# Thank you



## Wee Mite Miniatures (Oct 14, 2007)

Thank you to all of you that worked on the Kansas rescue. Working on any rescue can be hard emotionally. This one must have been especially so with all the long hours and publicity. Hopefully this one will continue to move in the right direction.

Hopefully if there is one thing people have learned from this is to try work with the owners in any way to resolve the situations. To bring attention to the situation in any way needed to get the animals the help they need yet at the same time do so in a way as not to alienate the owner until all the animals are safe. We may not always have the whole story. If writing letters ask for help, do not bash people when doing so.

Once again thank you for all your hard work.


----------



## ctgponies (Oct 15, 2007)

I would also like to commend you on the work that you have done in such a difficult situation. It was emotionally and physically hard on everyone involved but you did a wonderful job!! :aktion033:


----------



## heart k ranch (Oct 15, 2007)

:aktion033: :aktion033: Ya'll are doing SUCH a good job!!! :aktion033: :aktion033:

Keep up the hard work!


----------



## lvponies (Oct 15, 2007)

On behalf of the minis, I say Thank You to CMHR!!




:


----------



## Mona (Oct 15, 2007)

I too would like to thank you for helping get some of the minis out of there.
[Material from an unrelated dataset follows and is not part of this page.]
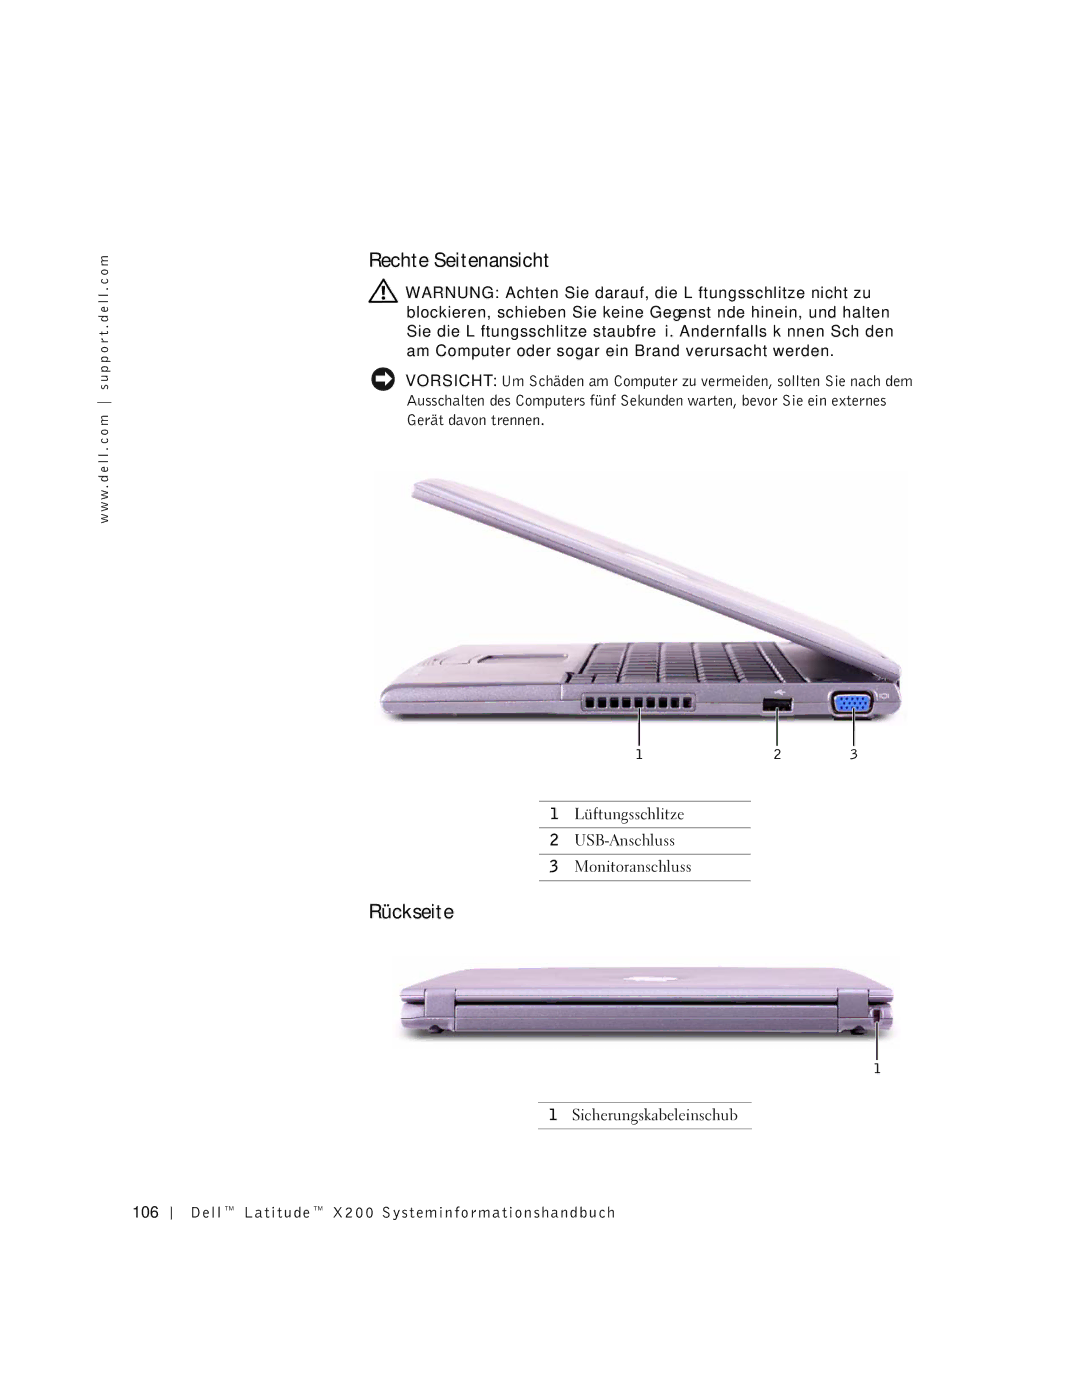 LeapFrog PP03S manual Rechte Seitenansicht, Rückseite, Dell Latitude X200 Systeminformationshandbuch

I know it was one tough ride!


----------



## Marty (Oct 15, 2007)

I feel like I've been rode HARD and put up wet

:xbud: :xbud: :xbud: :xbud: :xbud:


----------



## DiamondLRanch (Oct 20, 2007)

:aktion033: :aktion033: You all did a great job!


----------



## jacks'thunder (Oct 23, 2007)

:aktion033: :aktion033: :aktion033: Keep up all the hard work! :aktion033: :aktion033: :aktion033:

Just know that you *are* supported and we all know the stress and hard work it takes to rescue!

*One horse at a time........ you are making a differance



: *

Leya


----------